弊社の最大の強みは、この業界にありがちな「精神論」への依存から脱却している点です。もちろん、成果を出すために一定の活動量は不可欠ですが、それだけでは成長に限界があります。そこで弊社では、トップセールスによるマンツーマン指導や動画マニュアルの整備に加え、「課題を抽象化し、構造的に解決策を導き出す」独自のトレーニングプログラムを導入しました。顧客心理を論理的に紐解くスキルが体系的に習得できるため、営業未経験の若手から東京大学出身者まで、バックグラウンドを問わず多様な人材が活躍できているのが特徴です。

ーーその独自の育成スキームは、実際の業績にどのような成果をもたらしていますか。

畠山大輝:
現在、組織全体で約60名体制となり、売上高は12億円ペースで推移しています。特筆すべきは一人当たりの生産性の高さで、業界平均を大きく上回る高収益体質を実現しています。この成果は当然、社員の報酬にも還元されます。実際、入社3年目の23歳で支部長を務め、年収2,500万円に到達した社員も誕生しています。

採用において学歴や職歴は一切問いません。ベースとなる「論理的思考力」か、あるいは「泥臭くやり抜く胆力」。このどちらかの素養さえあれば、あとは弊社の構築した仕組みによって、確実に成果を出し、高い報酬を得られるプロフェッショナルへと育成できると確信しています。

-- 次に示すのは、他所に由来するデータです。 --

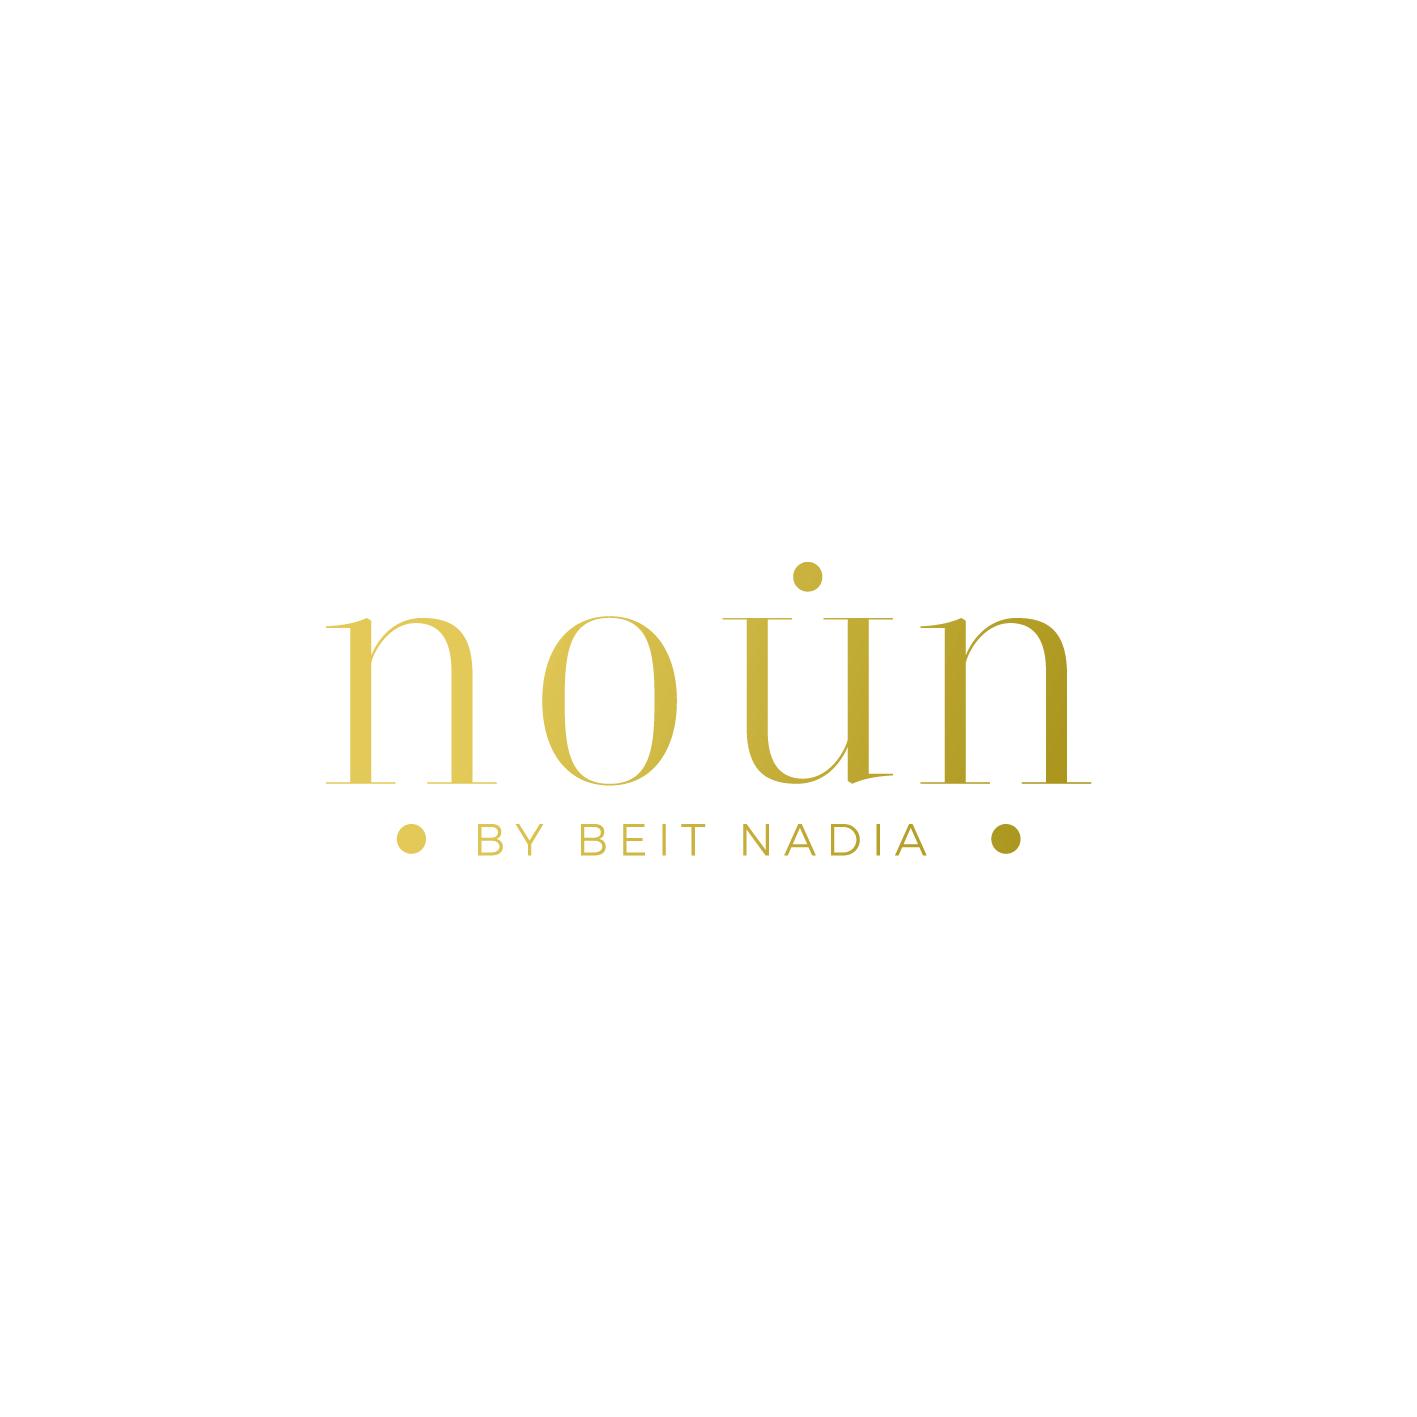 Noun by Beit Nadia

「100億企業を10個創る」 未来の起業家たちへのメッセージ

ーー今後のビジョンを教えてください。

畠山大輝:
定量的には「5年で売上高100億円、10年で1000億円」というロードマップを掲げています。ただ単に企業規模を拡大するのではなく、売上高100億円規模の事業を10個創出し、それぞれのトップに経営者として裁量権を持たせるのが私の構想です。

私自身、前職でトップセールスとなった後、組織マネジメントや教育により深く関わりたいと願いましたが、当時の環境ではその機会が限定的でした。だからこそ、社員には早期から経営者としての視座を持ち、将来的にはグループ会社の社長として活躍できるフィールドを用意したいのです。実際、現在の幹部候補からは「20代で生涯年収を稼ぎ切り、30代で起業する」といった野心的な声も挙がるようになり、頼もしさを感じています。

ーー最後に、読者に向けてメッセージをお願いします。

畠山大輝:
面接の場で多くの学生と対話して感じるのは、わずか20代前半で「自分の限界」を勝手に決めてしまっている方が多いということです。人生100年時代、キャリアはあと60年以上続きます。現時点での能力やスキルは、未来を決定づけるものではありません。

いきなりリスクを取って起業する必要はありません。まずはインターンシップなど、リスクのない環境からでも構わないので、挑戦への一歩を踏み出してほしい。行動を起こさなければ、自分の本当の可能性を信じることすらできません。私たちのような、若くとも大きな裁量権を持って働ける環境で、自分の殻を破り、非連続な成長を遂げたいという意欲ある方を待っています。

編集後記

「思考力が足りない」。インタビュー中、畠山氏が何度か口にしたこの言葉が印象的だった。訪問販売という泥臭いフィールドにいながら、同氏が語る戦略は極めてロジカルで、数学的ですらある。過去の自分を「自我がなかった」と冷静に分析し、自分自身さえも客観的な駒として最適化してきた畠山氏。同氏が作り上げた「勝てる仕組み」の中で、若き才能たちがどう化けていくのか。10年後の売上高1000億円企業という言葉が、決して夢物語には聞こえなかった。

畠山大輝/1999年埼玉県生まれ、早稲田大学卒。20歳で個人事業主として家庭用蓄電池の販売、30人のマネジメントを経験。2024年に同社代表取締役に就任。